Leukemia inhibitory factor regulates microvessel density by modulating oxygen-dependent VEGF expression in mice.

To meet tissue requirements for oxygen, capillaries must be properly distributed without excess or shortage. In this process, tissue oxygen concentration is well known to determine capillary density via the hypoxia-induced cascade, in which HIFs and VEGF play key roles. However, some additional mechanisms modulating this cascade are suggested to be involved in precise capillary network formation. Here, we showed that leukemia inhibitory factor (LIF) was predominantly expressed in developing endothelium, while its receptor was expressed in surrounding cells such as retinal astrocytes. The retinas of Lif(-/-) mice displayed increased microvessel density accompanied by sustained tip cell activity, due to increased VEGF expression by astrocytes in the vascularized area. Lif(-/-) mice resisted hyperoxygen insult in the oxygen-induced retinopathy model, whereas they paradoxically had increased numbers of neovascular tufts.
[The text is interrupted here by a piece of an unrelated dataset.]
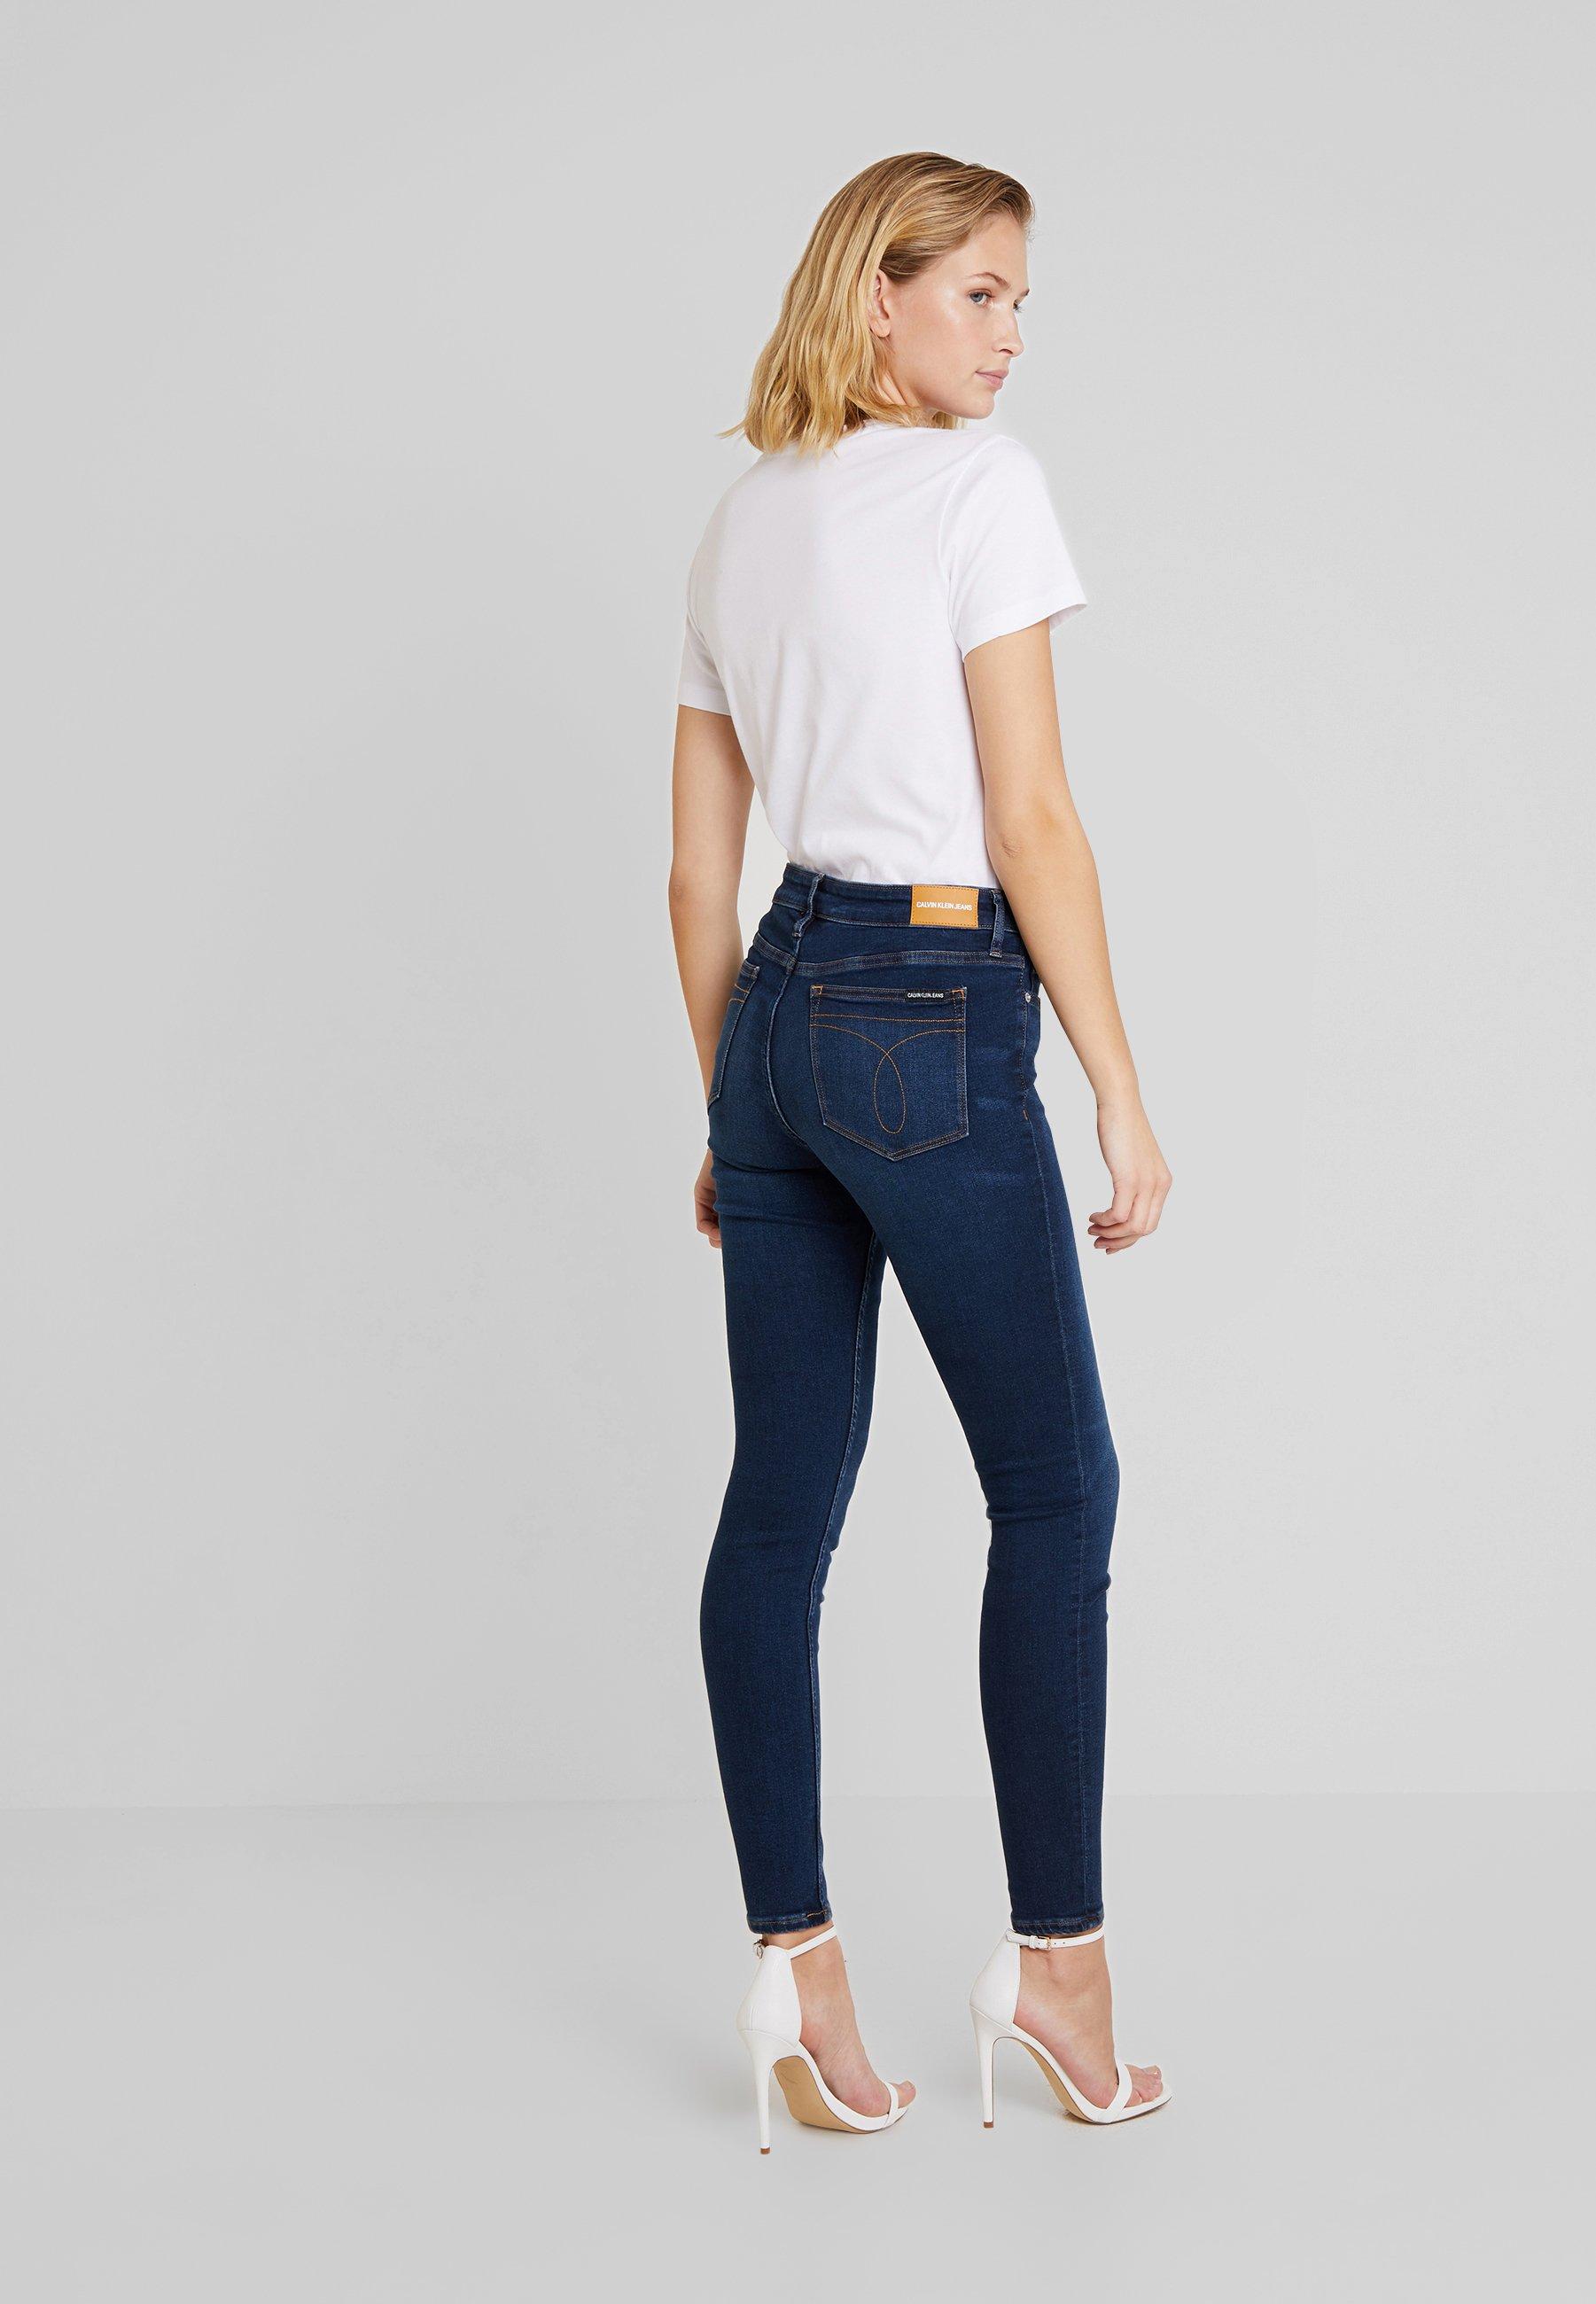 Jeans 001 Calvin Blue Super Klein SkinnyVanern Ckj otxdshQrBC

In an in vitro study, LIF inhibited hypoxia-induced VEGF expression and proliferation in cultured astrocytes. Lif(-/-) mice also exhibited similarly increased microvessel density and upregulated VEGF in various tissues outside the retina. Together, these findings suggest that tissues and advancing vasculature communicate to ensure adequate vascularization using LIF as well as oxygen, which suggests a new strategy for antiangiogenic therapy in human diseases such as diabetic retinopathy and cancer.